El médico llegó enseguida. Cuando me revisó, me tocó el abdómen y su diagnóstico fue inflamación de apéndice. Tenía que llevarme al hospital. Fuimos en ambulancia, y en el hospital me dijeron que iban a operarme. Firmé la autorización y me pidieron que me desvistiera. Me dieron un delantal y me dijeron que me recostara. Peritonitis. En cuatro o cinco minutos estaba lista para el quirófano. Sé quienes fueron los médicos, el cirujano Diego R. y el anestesista Bruno G. (…)

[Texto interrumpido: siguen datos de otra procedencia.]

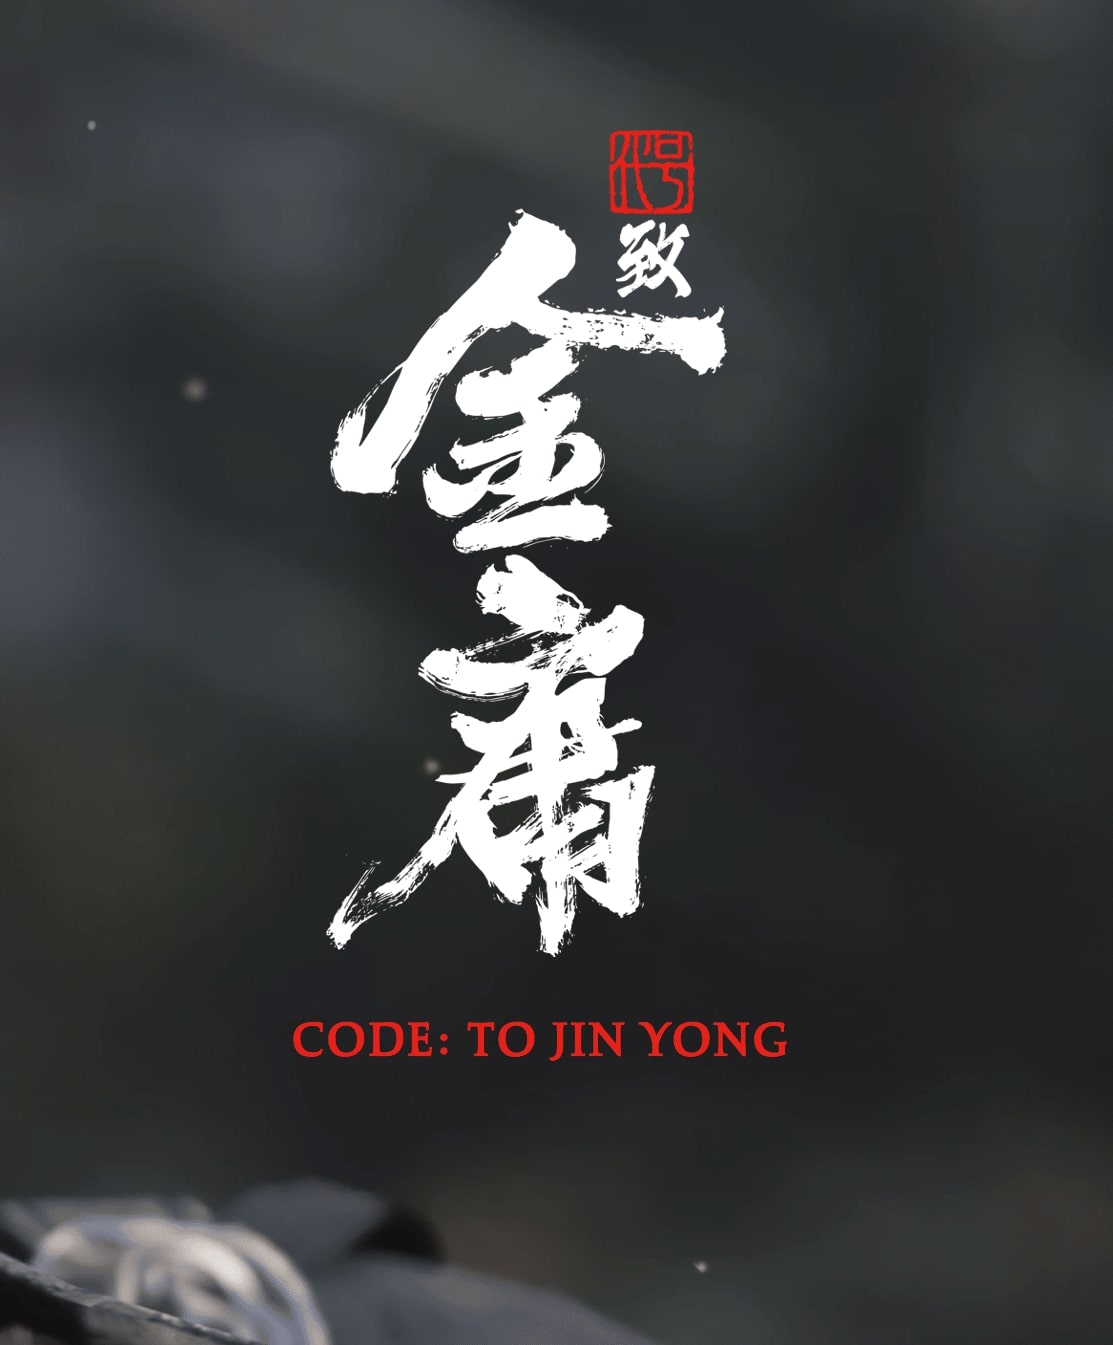 Code: To Jin Yong

El descubrimiento de la anestesia general sucedió en el "lejano" oeste de Estados Unidos. Horace Wells, un dentista, notó que en una feria un voluntario inhalaba óxido nitroso (éste era su único uso conocido hasta entonces: inducir estados de risa incontrolable), sin mostrar ningún tipo de reacción dolorosa, ni siquiera. al golpearse una pierna con una silla, en medio de sus crisis hilarantes y a pesar de que la herida sangrara abundantemente. (…)
La anestesia que se usa en las cirugías de abdomen consiste en un cóctel de gases. Dos son los principales. Uno, relaja los músculos del paciente y le provoca un bloqueo en la transmisión neuromuscular. Sencillamente, le induce una parálisis. Obliga a asistirlo mediante un respirador artificial, pues de lo contrario moriría por asfixia. El otro gas es el fármaco propiamente anestésico. Halotano, isofluorano, óxido nitroso, son algunos entre los más conocidos. Éstos provocan estados de inconciencia y logran que la información sensorial no se transmita hasta el cerebro. Los gases se almacenan por separado, y depende de los médicos administrarlos en cantidades adecuadas. Si uno de los gases falla, el efecto se desmorona.
Se puede inducir la parálisis muscular y no suministrar el gas anestésico. En este caso el paciente retiene su capacidad de sentir. No puede moverse, ni ejercer fuerza con ninguno de sus músculos. No puede abrir los párpados, mover la lengua o contraer las cuerdas vocales. Pero puede oír las conversaciones de los médicos en el quirófano. Puede sentir el algodón con desinfectante que una mano le aplica con energía en la panza. (…)
Yo escuché a un médico preguntar si la anestesia estaba lista. Podemos empezar, dijo otro. Quise gritar.. Sentí el pinchazo en el abdomen y traté de llorar, pero no pude. Sentí cómo se degarragaba mi interior. Cada tajo que me recortaba. Las tijeras me arrancaban pequeñas porciones del cuerpo. Extraían mi apéndice mientras yo sentía cada detalle de la operación. Un bulto sordo que se acomodaba bruscamente en mi interior.
(…) Seis años después recuperé la capacidad de hablar. Empecé a recordar hace ocho meses. Los médicos que me atendieron contestaron siempre lo mismo, “Es psicosomático, vea a un psicoanálista”. El tratamiento no fue fácil: yo estaba muda. (…)
Me dijeron que el cerebro evita la memoria del dolor. Mi cuerpo, en todo caso, recuerda cada detalle. (…) Muchas veces prefiero no dormir, camino por mi estrecho departamento, doy vueltas, tomo café. Trato de no pensar. Estoy en alerta constante, desconfío de cada sensación o roce de mi piel que me brinda sensaciones insoportables. (...) Hoy sueño con una cámara de aislamiento sensorial, sin dolor ni recuerdos.
(…) Voy a vengarme, más ahora que esta experiencia me reveló una versión sádica de mí misma. Es una fijación que antes no tenía por los suplicios y la cirujía. Pensé en picanas, ratas con rabia, ácido, agujas. Pero el procedimiento más refinado es el que me enseñaron ellos, el factor sorpresa. Es raro, pero desde hace un tiempo me consuelo imaginando las infinitas formas que puede adoptar el dolor humano. Otros hacen ejercicios mentales para dormir, yo repaso una lista de técnicas de tortura. Ya no puedo olvidarme de sus manos mientras se deslizaban con pequeños cortes dentro de mí. El dolor gratuito, mudo, indiferente, inesperado. No tendría que decírselo a un juez, pero no me importa. Hago de cuenta que nos entendemos, como profesionales.